Once upon a time four business people flew to a faraway country in Asia to observe and encourage three kingdom businesses. They came as learners but also ready to share suggestions and consulting expertise as requested. They represented a cumulative 90 years of business experience, a recent MBA graduate among them and all four were involved in coaching, training and mentoring business startups. Three were men, one was a woman and they came with robust experience in entrepreneurship, marketing, leadership and finance.
One of the businesses visited was well established, fiscally mature and served the community well with job creation, fiscal and tax responsibility and social engagement. They had been in business for 15 years and in the startup phase they brought in qualified managers and sought help from business people experienced in the country. Local mentors provided counsel in the language, culture, social conditions and Business as Mission integration. There were ups and downs but they consider their success to be closely linked to their willingness to be life-long learners.

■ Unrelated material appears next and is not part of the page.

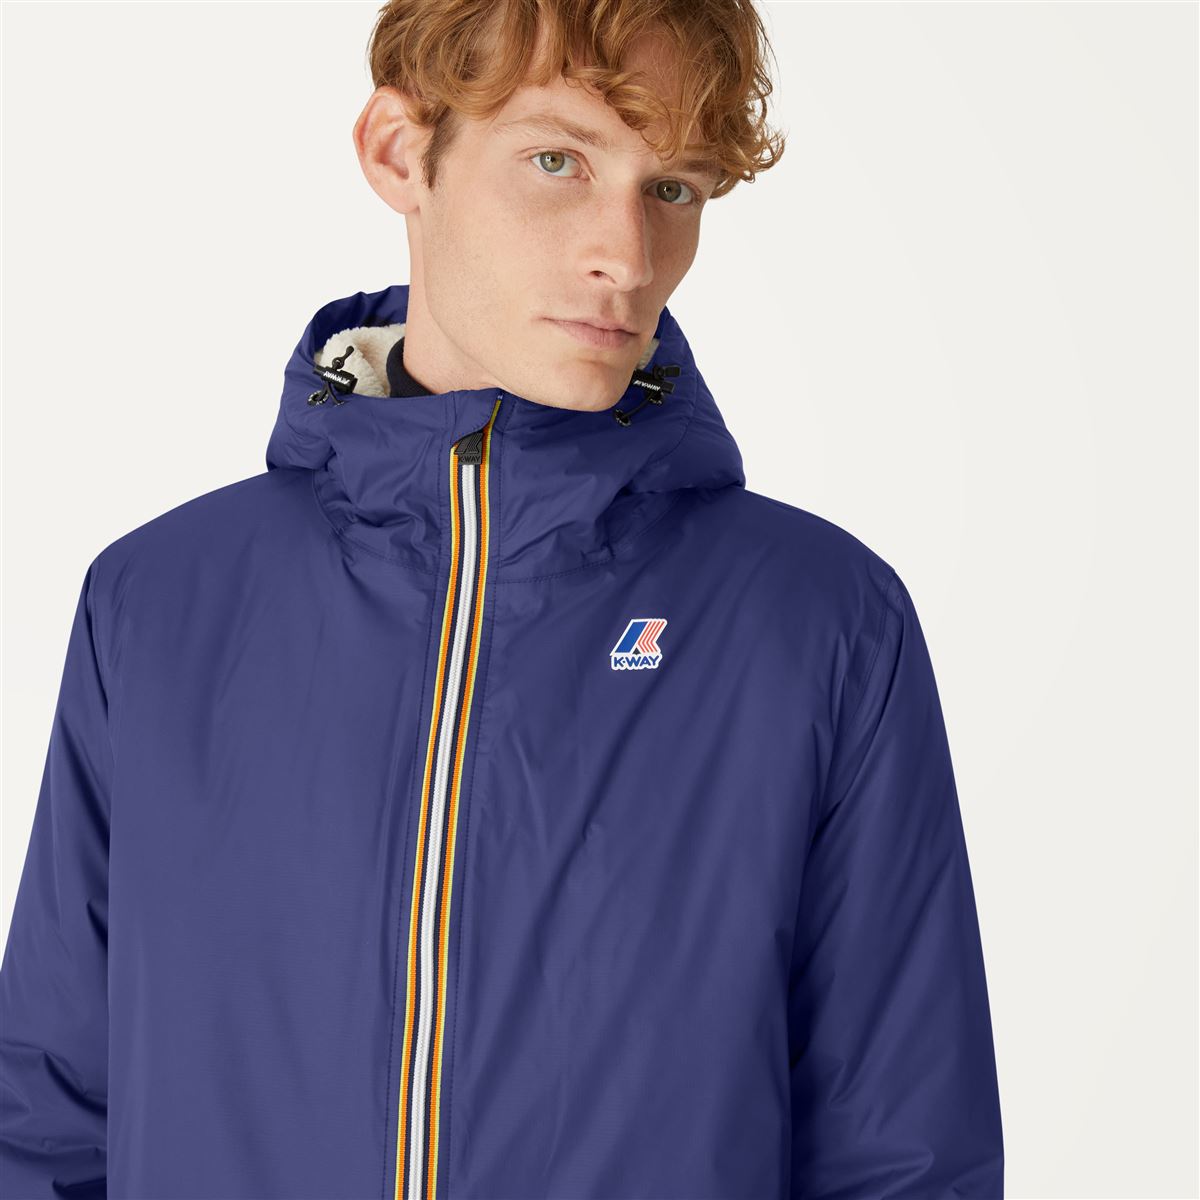 Claude Orsetto - Unisex Sherpa Lined Waterproof Full Zip Rain Jacket in Blue Medieval

The second business also had been in-country for about 15 years. It had created jobs for many people and was making a clear difference in the community where it had respect and credibility with the locals. The owners had built their business model on proven models in other places. However upon arrival in 2004 the visiting team found that the business was facing significant challenges. The market had changed and their customer base was changing. Their cash flow was at risk and they were worried about the future. They asked the team of four for advice. They knew they needed to learn, wanted help, asked for it and appreciated two days of good counsel.
The third business gave evidence of much success in the social and spiritual sector, however the business model was being challenged and finances and management were in disarray. This and more was evident to the visiting team. However it was not equally evident that this business owner wanted help. He seemed detached from the realities of where the business was headed. Being a learner was not a concept he had internalized. His business seemed to be at high risk.
Why is it important to always be learning?
1. Speed of change: Moore’s Law describes the driving force of technical and social change, increased productivity and economic growth in exponential technical terms. For example, four exabytes of unique information will be generated this year, more than the previous 5,000 years. The top ten in-demand jobs in 2010 did not exist in 2014 and it is estimated that by 2035 50% of the jobs on the planet today will not conceptually exist. The amount of technical information is doubling every two years. The speed of change in the world today demands that managers always be learning.
Hall of Fame hockey great, Wayne Gretzky, when asked what makes him different, suggested that he does not go where the puck is but where the puck will be. Such logic is prophetic of a manager who has learned to keep growing and learning. Zig Ziglar once said, “I’m a constant learner. You need to be a constant student because things change and you have to change and grow. And I emphasize the word ‘grow’.” This 4-minute video provides a sense of how much change we are facing now — and what it means for lifelong learning.
2. Complexity of Kingdom businesses: Some evidence suggests 80% of US businesses fail within the first five years of operation (Why 9 out of 10 Small Businesses Fail). Now add the complexities of a foreign culture, different language, factors of integrating the Triple Bottom Line, international law, trade issues and financial/accounting issues — one would think the failure rate would be much higher. In order to succeed such complexity demands owners, consultants and coaches to be constantly learning. In the words of Sidney Poitier, “I have always been a learner because I knew nothing.”
3. Common Wisdom: A wise man 3,000 years ago reminded us of the importance of counselors in decision making: “Make plans by seeking advice…many advisors make victory sure…plans fail for lack of counsel…”(Solomon in Proverbs 20:18; 11:14; 15:22). Henry Ford said, “Anyone who stops learning is old, whether at twenty or eighty. Anyone who keeps learning stays young. The greatest thing in life is to keep your mind young.”
Yes, it’s true, just as this blog from The Under 30 CEO explains: Great Entrepreneurs are ALWAYS Learning.
To be successful in any business and to be successful in Kingdom business overseas, striving for the Triple Bottom Line of profitability, job creation and social Kingdom disciple-making results requires owners and managers to always be learning, open to new ideas, seeking counsel from others and with the counsel of others making plans for tomorrow.